Data section —
↓↓↓

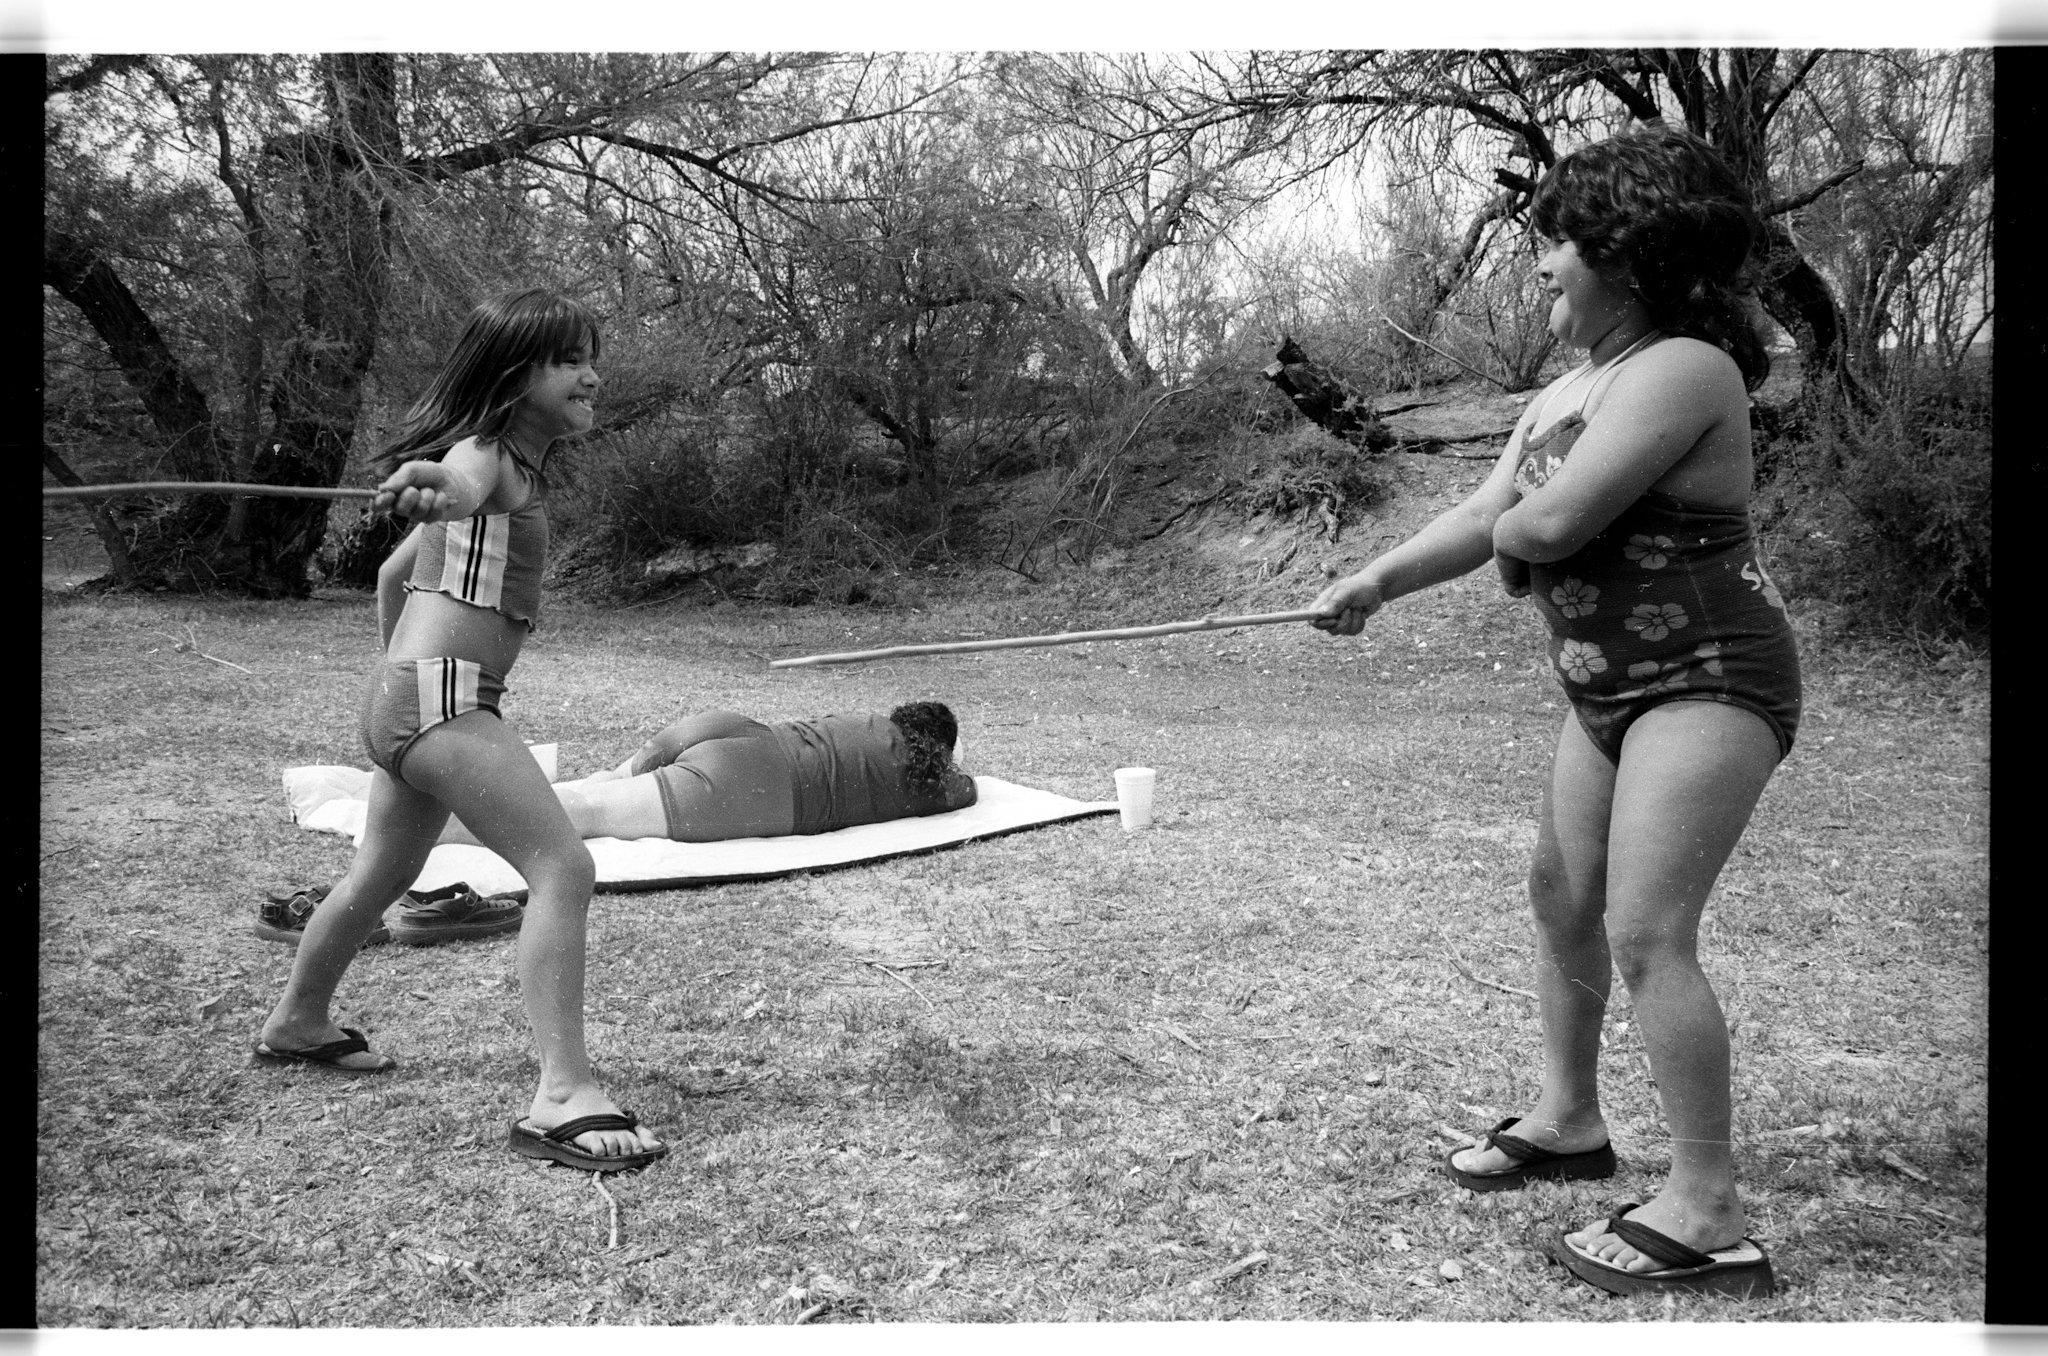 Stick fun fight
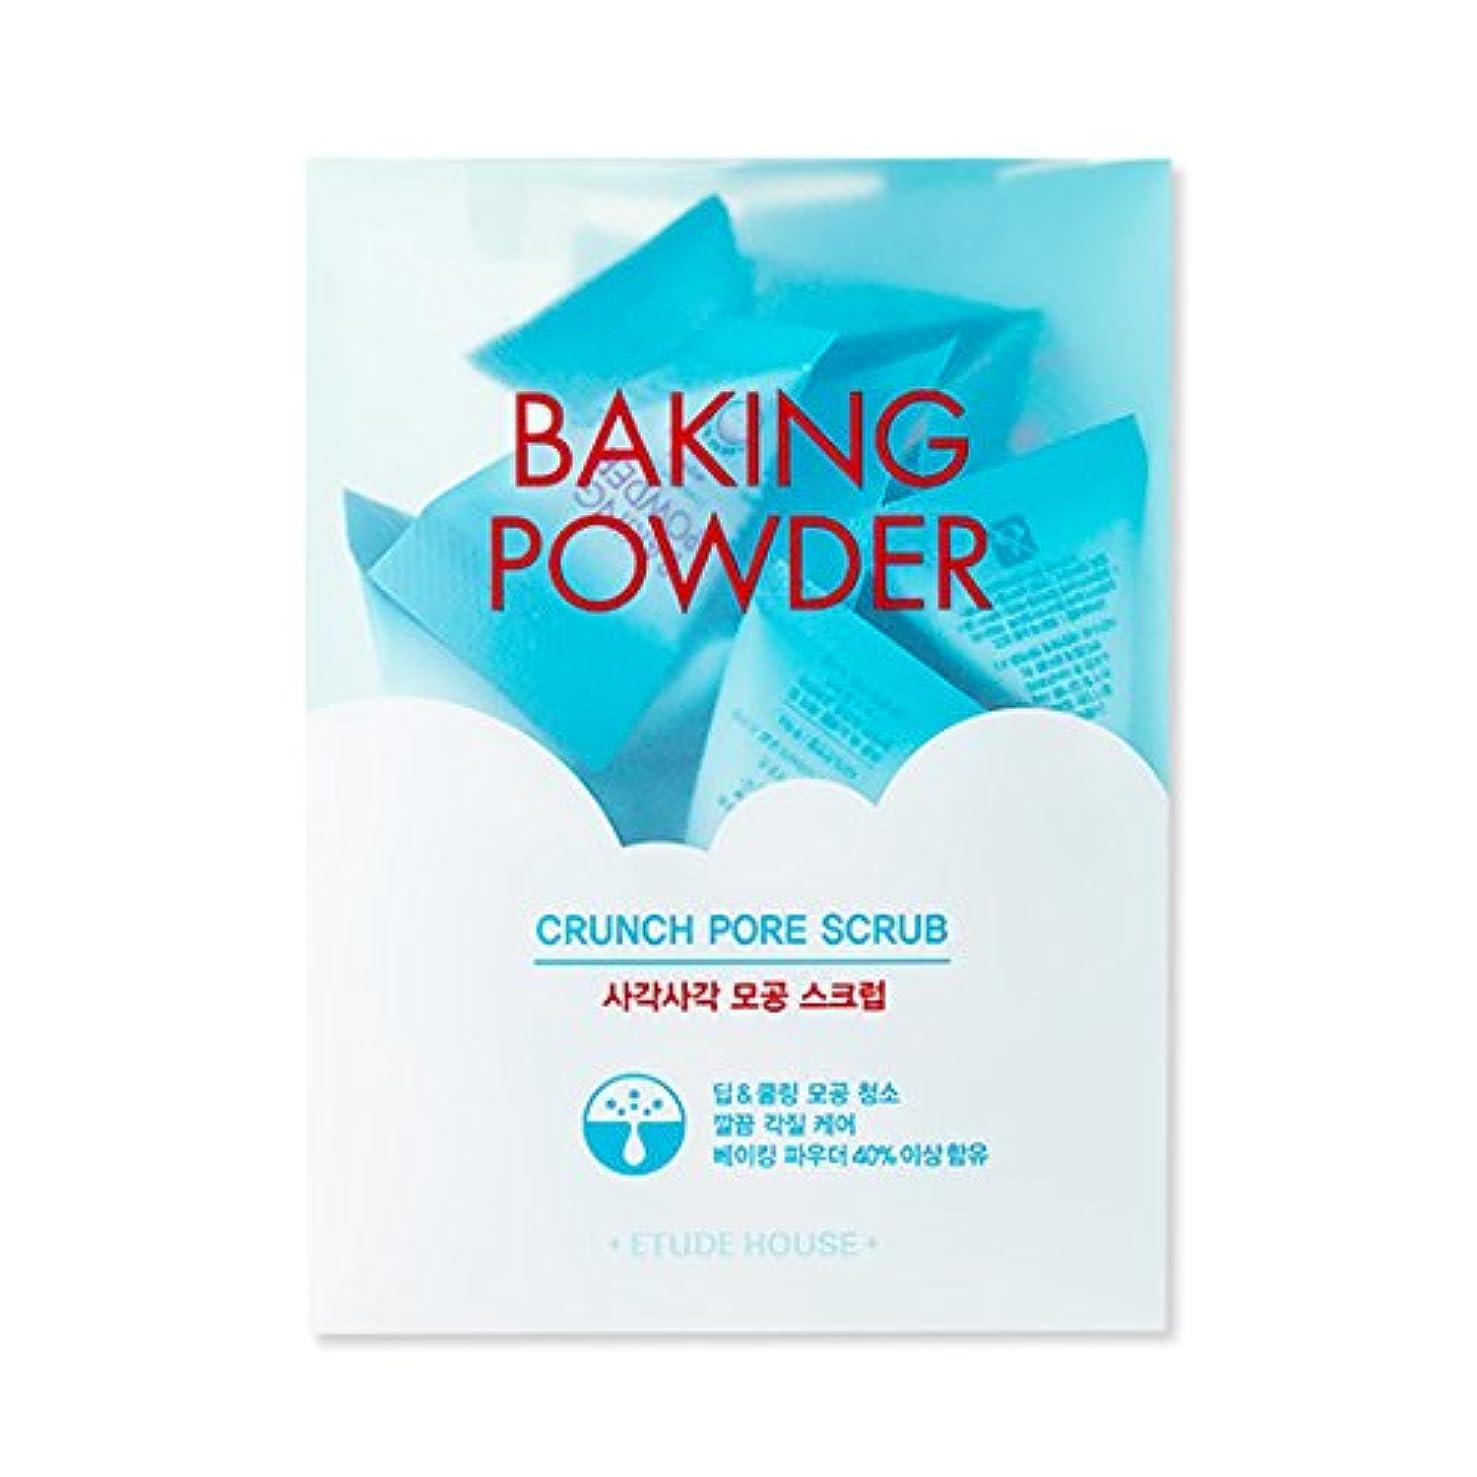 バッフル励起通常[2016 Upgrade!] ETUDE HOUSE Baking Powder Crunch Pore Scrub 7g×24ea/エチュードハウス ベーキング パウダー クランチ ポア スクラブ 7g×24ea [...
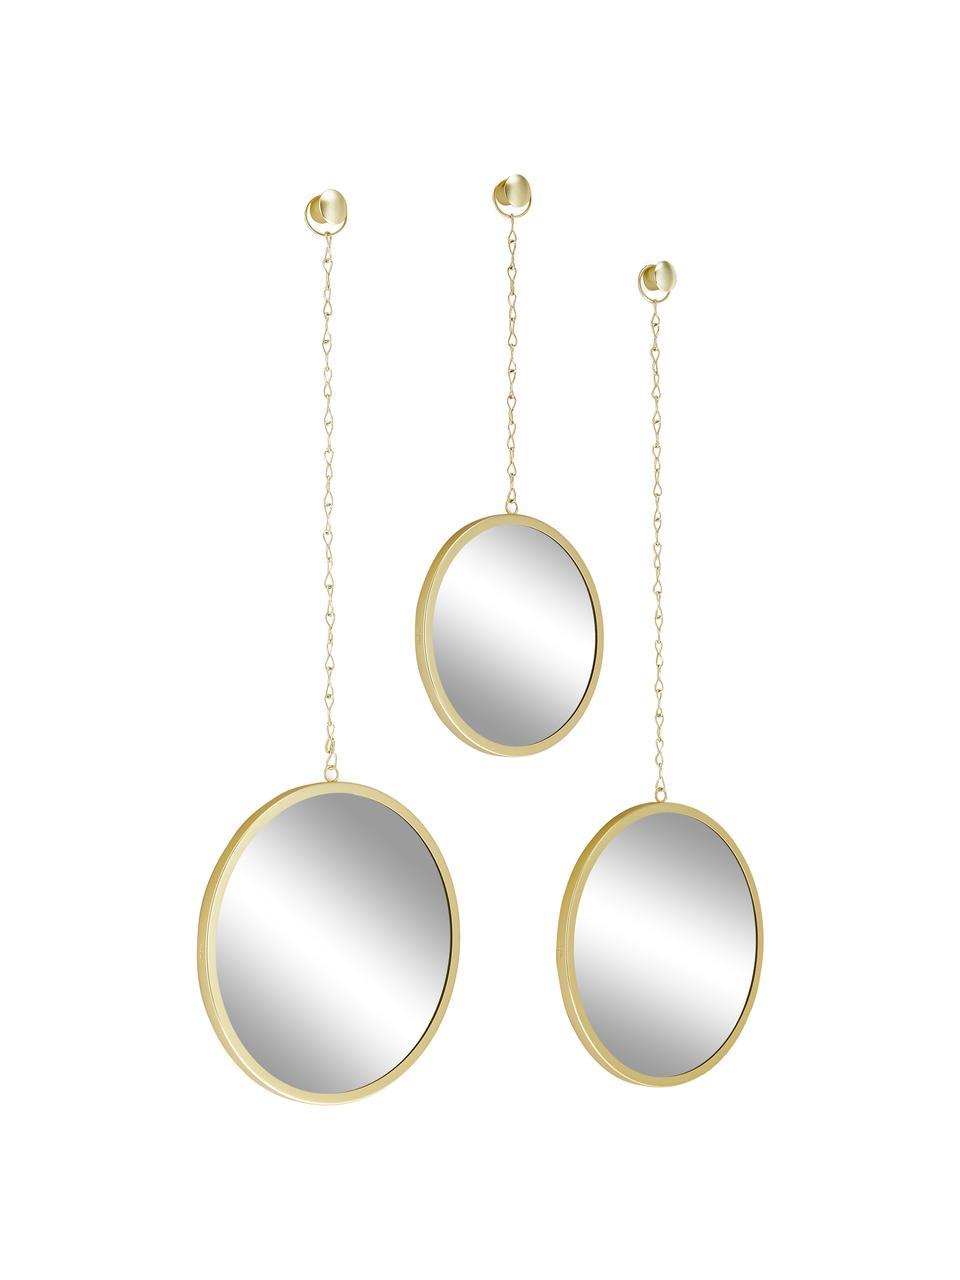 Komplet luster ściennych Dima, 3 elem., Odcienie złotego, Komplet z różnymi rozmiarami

↑↑↑

Problem requirements — Please copy the lines above, starting at the one that holds "バッフル励起通常[2016 Upgrade!] ETUDE" and stopping after the last line, exactly as they appear and minus the pictures.

Written answer —
 バッフル励起通常[2016 Upgrade!] ETUDE HOUSE Baking Powder Crunch Pore Scrub 7g×24ea/エチュードハウス ベーキング パウダー クランチ ポア スクラブ 7g×24ea [...
 Komplet luster ściennych Dima, 3 elem., Odcienie złotego, Komplet z różnymi rozmiarami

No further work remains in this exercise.